C'est ça, qu'on voulait, Sieur Astier ! C'est parce qu'on avait assez médiocrement accroché au précédent film, que l'on trainait nos savates (et guenilles) pour aller voir sa suite, et bien, il n'y a que les Perceval et Karadoc (les imbéciles) qui ne changent pas d'avis : on a vraiment bien aimé ce deuxième volet. Alors oui, il n'y a plus le susnommé
Sieur Perceval
(l'acteur raccroche la cape bleue, il en avait grooooos), mais on peut remarquer qu'Alexandre Astier a mis le paquet sur les personnages secondaires qui sont drôles, sans être jamais excessifs (Redouane Bougheraba est ici le vainqueur de la Grande Belette de Winchester : son personnage, allié à un Clovis Cornillac juste impeccable et un Guillaume Gallienne en excellente forme, nous a pondu un trio hilarant dont la "scène au château" a fait éclater de rire toute la salle). On le remarque d'emblée, Astier a fait du tri dans ses affaires : par la fenêtre, les fan-services abusifs, aux oubliettes, les phrases débilo-poussives pour faire rire à tout prix (ce qui était vraiment gênant, dans le film précédent), au pilori, les costumes incompréhensibles (ici, la sobriété et l'efficacité sont reines, comme Guenièvre, et ça fait du bien aux yeux). Pour les esgourdes aussi, Astier a prévu un hydromel requinquant : la BO est sublime, tire évidemment du côté de Star Wars à quelques moments (mais est-ce qu'on s'en plaint ? Certainement pas, insultez donc John Williams en face de nous, et il vous en cuira, maraud !).
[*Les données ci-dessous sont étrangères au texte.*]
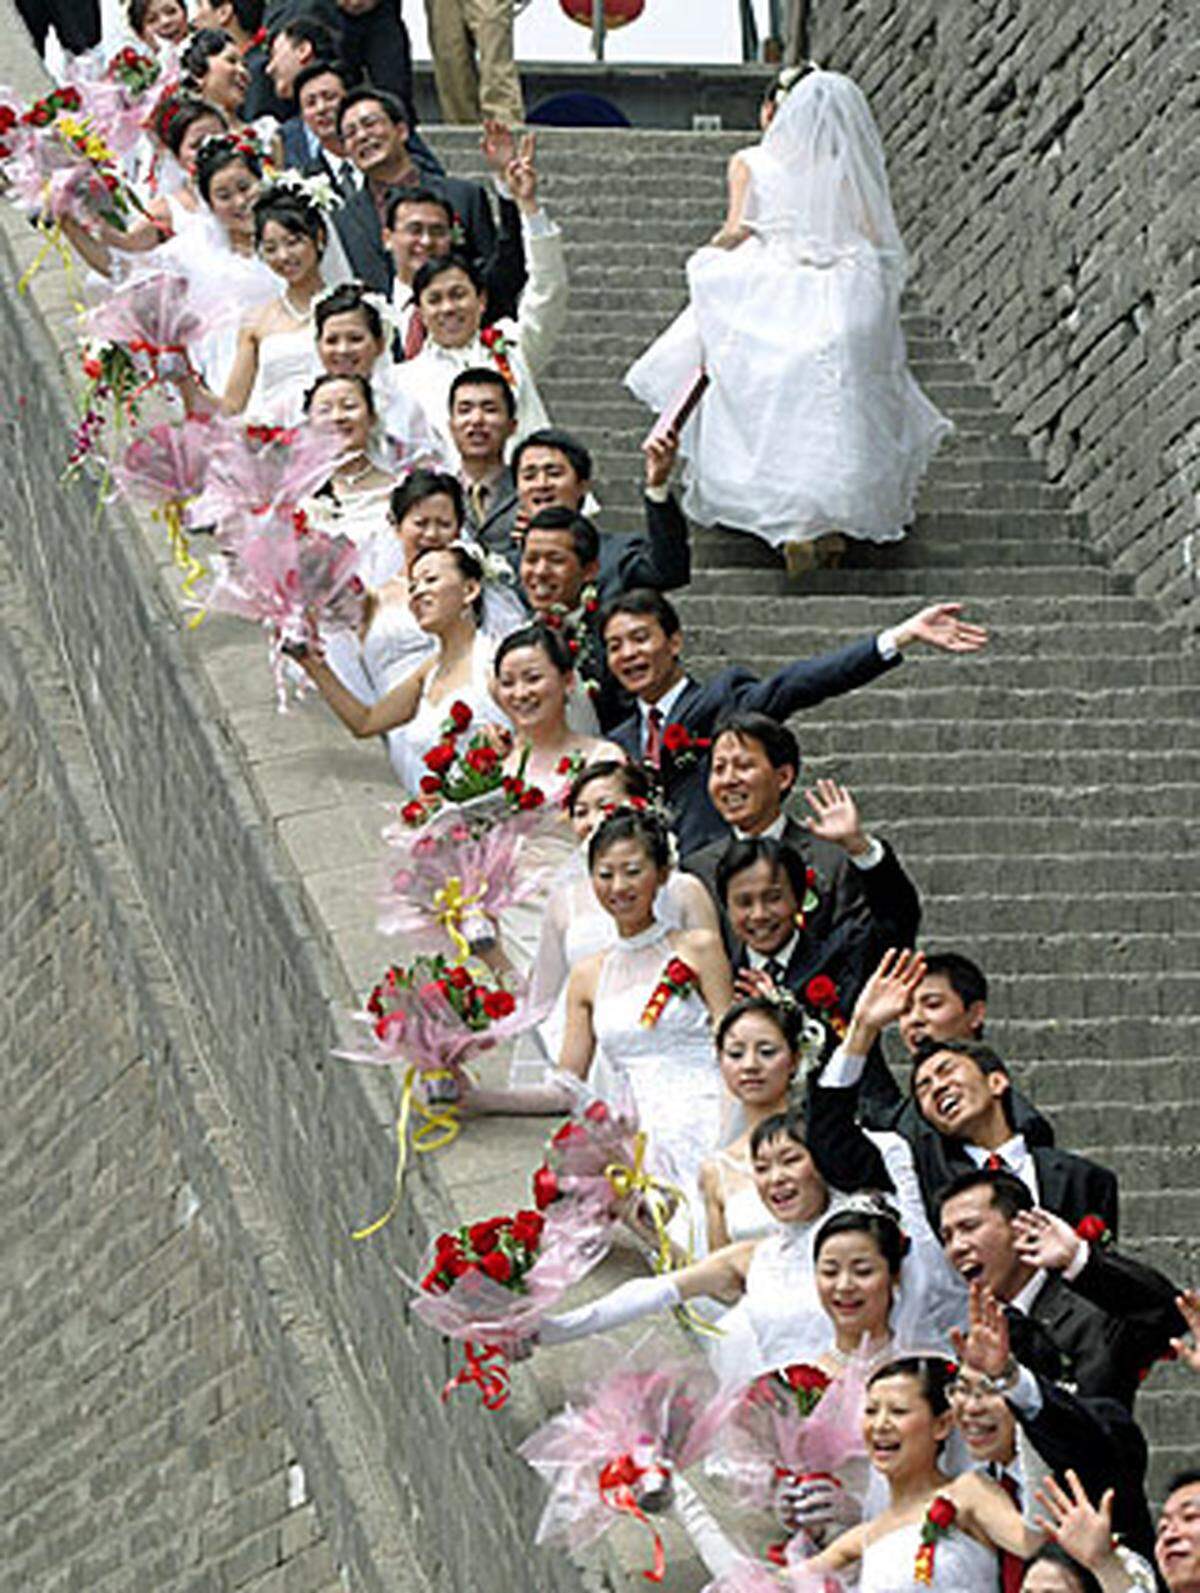 In der chinesischen Provinz Shaanxi sagten 30 Paare "ai" zueinander. Als Ort wählten sie die am besten erhaltenste Stelle der Chinesischen Mauer.

Que dire de l'intrigue, si ce n'est qu'on avance à pas prudents (seule la toute fin fonce à toute vitesse, avant cela on a surtout affaire à de petites quêtes rigolotes mais pas franchement utiles, voire même carrément inventées pour le besoin d'une blague), avec un climax final qui donne la furieuse envie de savoir la suite ! Dans ce deuxième opus pas parfait mais incroyablement plus abouti que le premier, on note quand même une meilleure utilisation de la Reine Guenièvre (son running-gag de la
surdité
nous a bien fait marrer, et la voir aux côtés
du Roi pour vivre l'aventure avec lui,
à la fin, cela a quelque chose d'inattendu et de très touchant), de l'équipe "enchanteurs" (encore une fois : on retrouve l'humour de la série à ses débuts, et ça fait un bien fou), de l'équipe "Karadoc" (gros coup de cœur pour la
réintégration divine
de la Dame du Lac : peut-on avouer qu'on a failli gueuler de plaisir, oui ?), et des nouvelles têtes plus jeunes. Alors oui, il y a beaucoup de troubadours moisis qui chantent haut et fort que les jeunes sont nuls, que seuls les anciens sont à garder, ces bardes-là de la nostalgie à la naphtaline qui ne supportent pas qu'on touche à leurs souvenirs... Eh bien non, ils sont peut-être assez dispensables (du fait de leurs quêtes inutiles), mais il y a quelques nouveaux qui nous ont fait du bien, du sang neuf comique à commencer par ces deux frangins qui essaient de
"se tuer, très calmement"
, celui qui a "un gourdin merdique" (la réplique nous a cueilli), et ces autres à la chasse au dragon, dont on est un peu moins convaincus, mais sans pour autant cracher sur l'inclusion de deux personnages féminins dans l'équipe de la Nouvelle Table Ronde. Que les troubadours vieillots gardent leur crincrin, de notre côté on adore les personnages secondaires (le trio d'espions nous a fait vraiment rire), et sans en dévoiler davantage sur cette belle (et mille fois meilleure) aventure que Sieur Astier nous a adressée dans ce deuxième volet, l'on s'en va la lame au vent et la chausse bien ficelée, en quête du troisième opus qui nous tarde déjà.